#### Exercise instructions:
Sift the listing for lines that hold the string "dossier" and pull them out.

#### Records shown:
'''
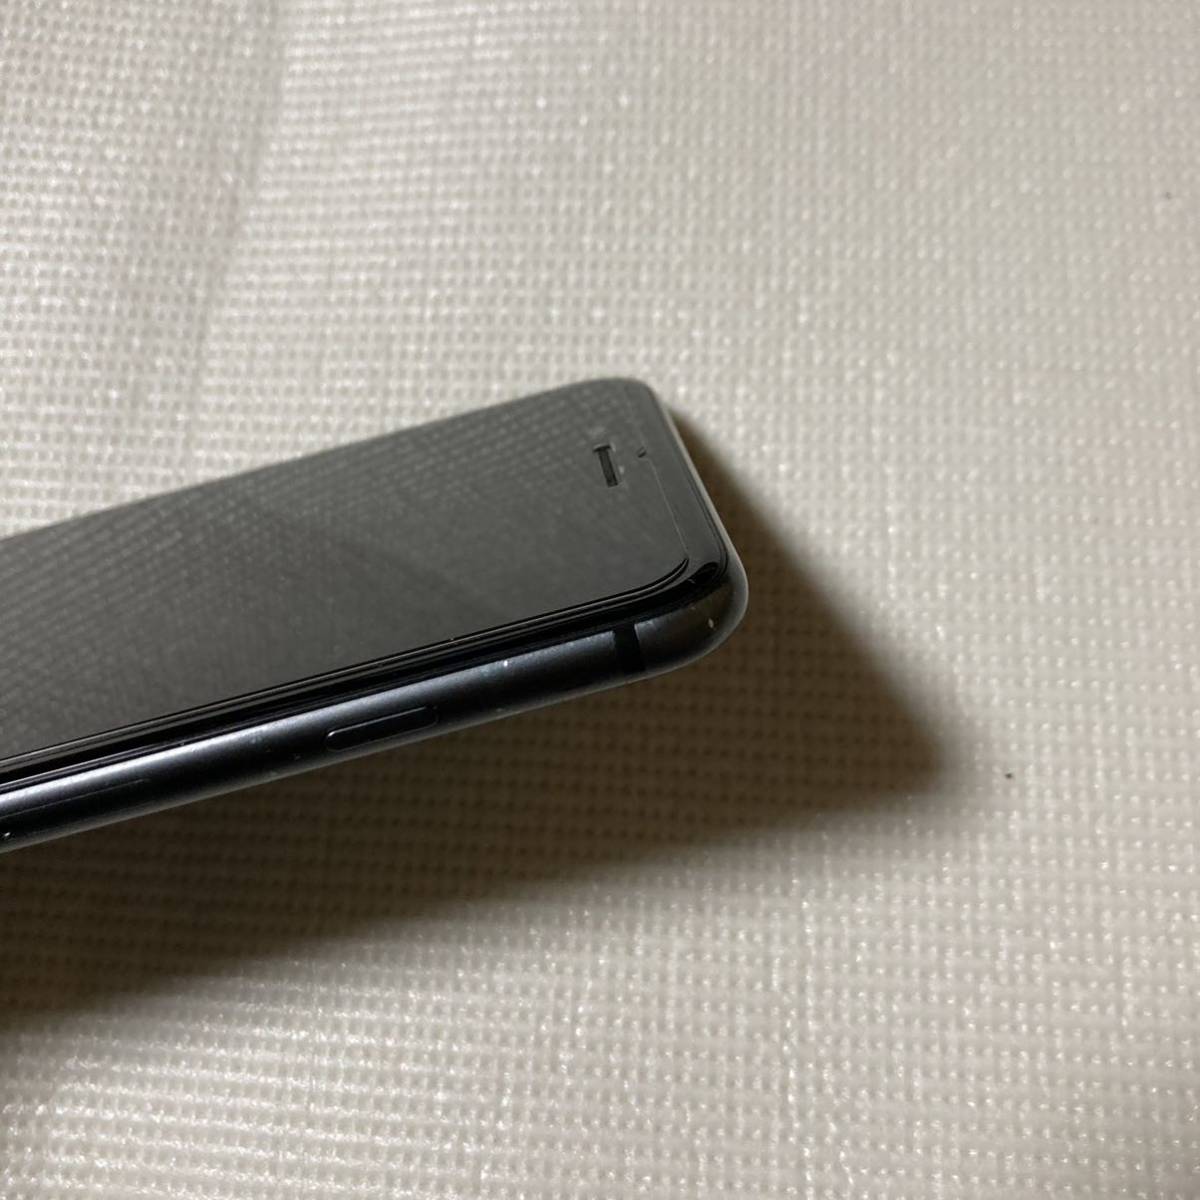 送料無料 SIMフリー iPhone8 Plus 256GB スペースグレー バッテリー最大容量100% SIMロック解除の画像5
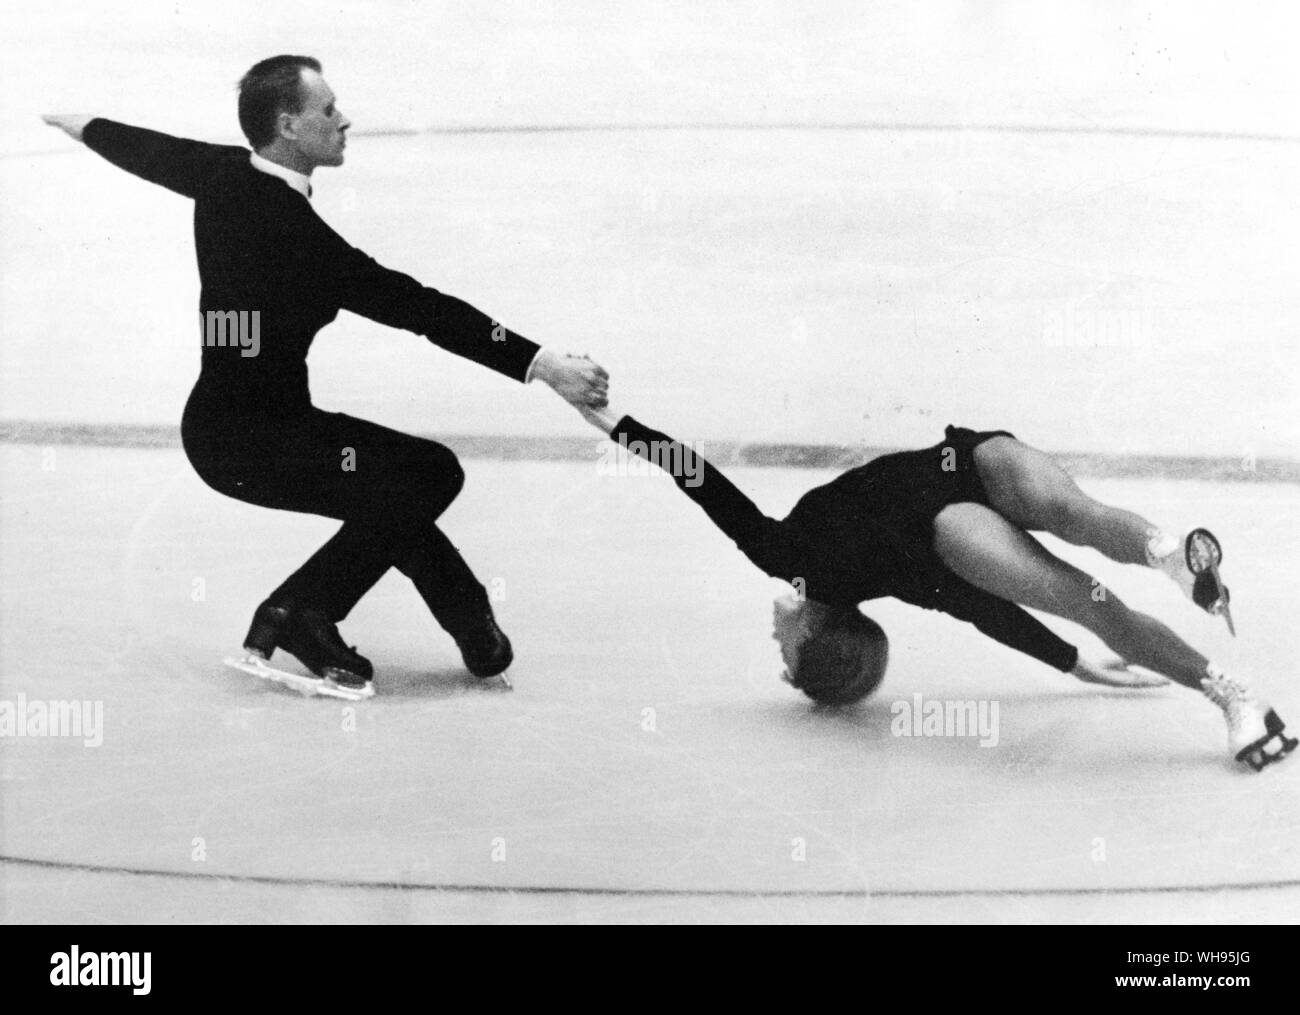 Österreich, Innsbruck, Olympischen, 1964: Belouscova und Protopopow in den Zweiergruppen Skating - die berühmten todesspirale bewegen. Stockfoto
'''
'''
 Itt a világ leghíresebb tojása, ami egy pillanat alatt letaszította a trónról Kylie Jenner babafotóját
'''
'''
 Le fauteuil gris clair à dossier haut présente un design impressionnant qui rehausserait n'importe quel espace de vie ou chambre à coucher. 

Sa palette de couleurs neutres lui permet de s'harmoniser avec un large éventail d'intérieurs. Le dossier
'''
#### Output of the task:
 Le fauteuil gris clair à dossier haut présente un design impressionnant qui rehausserait n'importe quel espace de vie ou chambre à coucher. 
Sa palette de couleurs neutres lui permet de s'harmoniser avec un large éventail d'intérieurs. Le dossier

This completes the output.